To date, two Truth or Consequences residents, Ariel Dougherty and Ron Fenn, have appealed the city’s imposition of a $50 monthly fee on city utility customers who do not wish to have their analog meter readers replaced by smart meters.
The two appeals arguing that the charge was punitive were heard—and denied—by the city commission at its Sept. 8 meeting.
The commission’s refusal to drop or lower the charge (the purpose of which has never been clarified) will affect more than the city-estimated seven electric customers who have blocked the installation of smart meters at their homes. The city plans to install smart meter readers at the properties of all municipal water customers. After an earlier round of appeals protesting the smart meters’ mandatory installation, the commission passed a motion giving customers the right to opt-out, but imposed a $50 monthly surcharge on those who exercised that right.

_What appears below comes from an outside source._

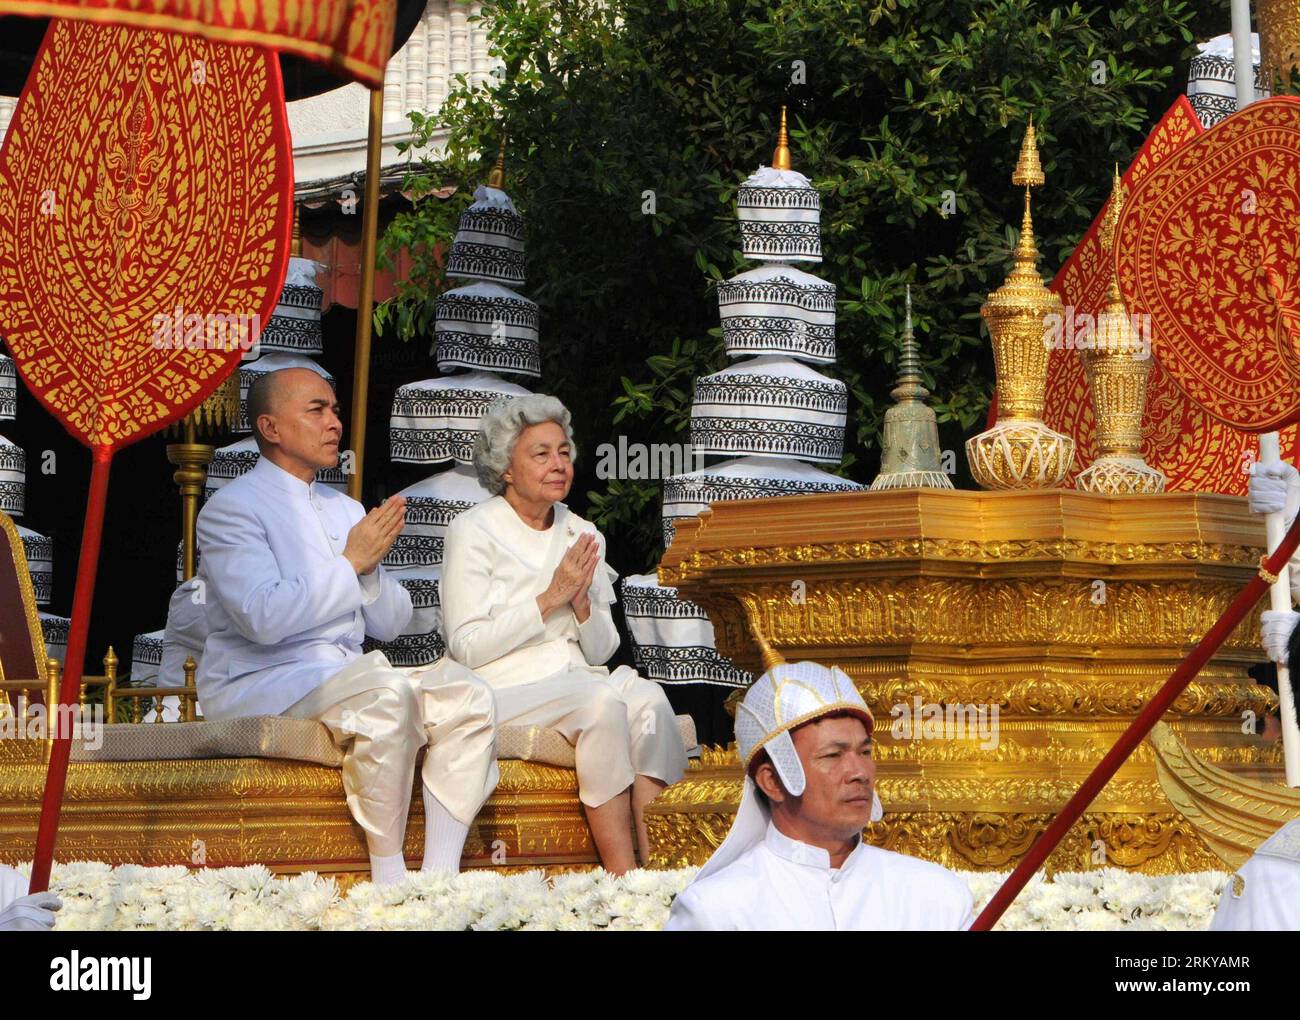 Bildnummer: 59188737  Datum: 07.02.2013  Copyright: imago/Xinhua PHNOM PENH, Feb. 7, 2013 -- Cambodian King Norodom Sihamoni (L) and his mother Queen Norodom Monineath escort the ashes of late King Father Norodom Sihanouk during a procession in Phnom Penh, Cambodia, Feb. 7, 2013. A week-long royal funeral of Cambodia s late King Norodom Sihanouk came to an end on Thursday when part of his cremains were taken from the cremation site to keep in the royal palace in a procession. (Xinhua/Zhao Yishen) (zy) CAMBODIA-KING-FATHER-FUNERAL-END PUBLICATIONxNOTxINxCHN Gesellschaft Politk Adel People Begrä Stock Photo

Dougherty and Fenn were among those citizens who had previously appealed the electric department’s attempt to install smart meters at their homes. These appeals were heard by the city commission on Jan. 27. At that time, the commission did not address any of the arguments posed in writing and orally by Dougherty and Fenn. They ignored the appellants’ voluminous research on the unresolved health and safety questions surrounding smart meter technology, their personal health concerns and their claims of inequality of treatment and lack of due process.
Instead of considering the legal documentation of the appeals before them, City Commissioner Frances Luna cut off the commission’s deliberations by putting a motion on the floor. In the future, utility customers would be given an opt-out and charged a $50 monthly fee to retain their analog meter readers. The motion was passed unanimously by the city commission, abruptly ending what should have been a quasi-judicial hearing, with a ruling about whether they would be exempted from smart meter installation handed down to both Dougherty and Fenn based on the merits of their appeals.
The New Mexico Attorney General’s Office subsequently informed the City of Truth or Consequences that the motion was not legal, since the imposition of a meter-reading fee had not been on the Jan. 27 agenda. The Open Meetings Act states that only matters on the agenda may be acted upon. This OMA violation was corrected by the city commission at its Aug. 25 meeting, when the commissioners approved a resolution (included on the agenda) that imposed the fee.
For the record, an article published in the Sept. 10 issue of the Sierra County Sentinel that referred to the existence of an “opt-out ordinance” was incorrect. Imposing the fee via resolution sidestepped the rigor of law-making via ordinance. Unlike proposed ordinances, resolutions do not require advance publication in legal ads and a public hearing that has also been publicized in a legal ad.
The T or C commission has presented no evidence justifying the high amount of the fee. During the Jan. 27 commission meeting, Mayor Pro Tem Amanda Forrister said Sierra Electric Cooperative charges a “$50 trip fee,” and so should T or C for reading a meter manually. Sierra Electric services a much greater, more rural territory, making their travel costs much higher than those incurred in T or C’s concentrated customer service area.
Several T or C residents, including Dougherty, Fenn and Rick Dumiak, have asked the commission during public comment at regular commission meetings how the city can charge $50 to read a meter at the same time that it has charged for many years an $8 base fee per residential electric customer, supposedly to partially cover meter reading. Over the last six months, they have repeatedly asked the commission to explain what the $8 fee covers, with no response.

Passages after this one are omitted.